Weaknesses: Attractive women, can have a horrible temper.

Likes: The night, the moon, nature, water, fire
Dislikes: People who take things seriously, loud people, drugs

History: Never really got much affection as a child, this taught him to be cold and uncaring about most things, though ocassionaly all of his bottled up emotions seep through

---

Clothing/Personal Style: Gothic, tends to only wear a studded collar, studded anklets, and studded braclets. No other clothing (though no "private" parts are showing)
Picture: Not neccasarily my char, but just so you can see what Northern Sergals look like here

Goal: to become a professional singer
Profession: college student
Personal quote: "If i was who you wanted me to be, Im not really me"
Birthdate: 3/23/10
Star sign: Aries

Favorite food: Chinease food
Favorite drink: Mountain Dew
Favorite location: The mountains
Favorite weather: Rainy/snowy
Favorite color: Grey/ greyish blue

Least liked food: Mexican food
Least liked drink: coffee
Least liked location: california
Least liked weather: extremely hot, dry


----------



## Gavrill (Oct 30, 2010)

Wow, he is....very thin, bordering anorexic. Average male weight of a human (which doesn't have a tail or a massive head) is 125. 

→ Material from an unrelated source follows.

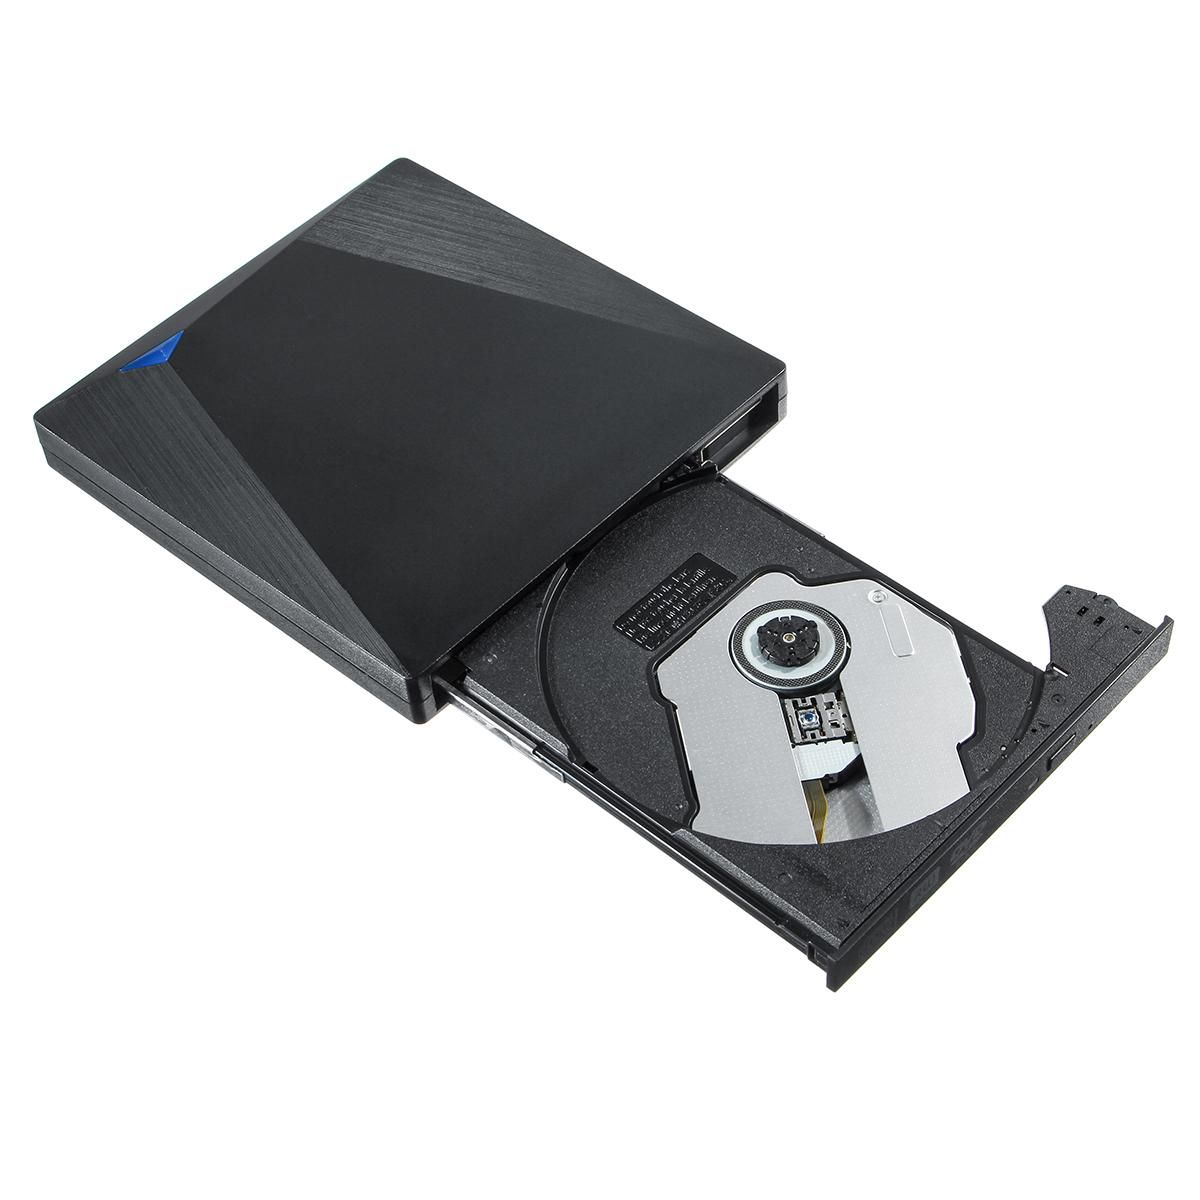 Type-C-USB-30-External-DVD-Burner-Writer-Recorder-Player-DVD-RW-Optical-Drive-CDDVD-ROM-Player-for-L-1710613

Sorry, I just try to be realistic with that sort of thing.


----------



## Kyri (Oct 30, 2010)

Liar said:


> Wow, he is....very thin, bordering anorexic. Average male weight of a human (which doesn't have a tail or a massive head) is 125.
> 
> Sorry, I just try to be realistic with that sort of thing.



Thank you :3, Im terrible with weights so I didn't know what to put, appreciate the help! ^^


----------



## Willow (Oct 30, 2010)

Sergal fluff buddy =D


----------



## Kyri (Oct 30, 2010)

yay!! fluff buddy!! xD


----------



## MelodyDragon (Nov 6, 2010)

YAY! I helped pick the name!


----------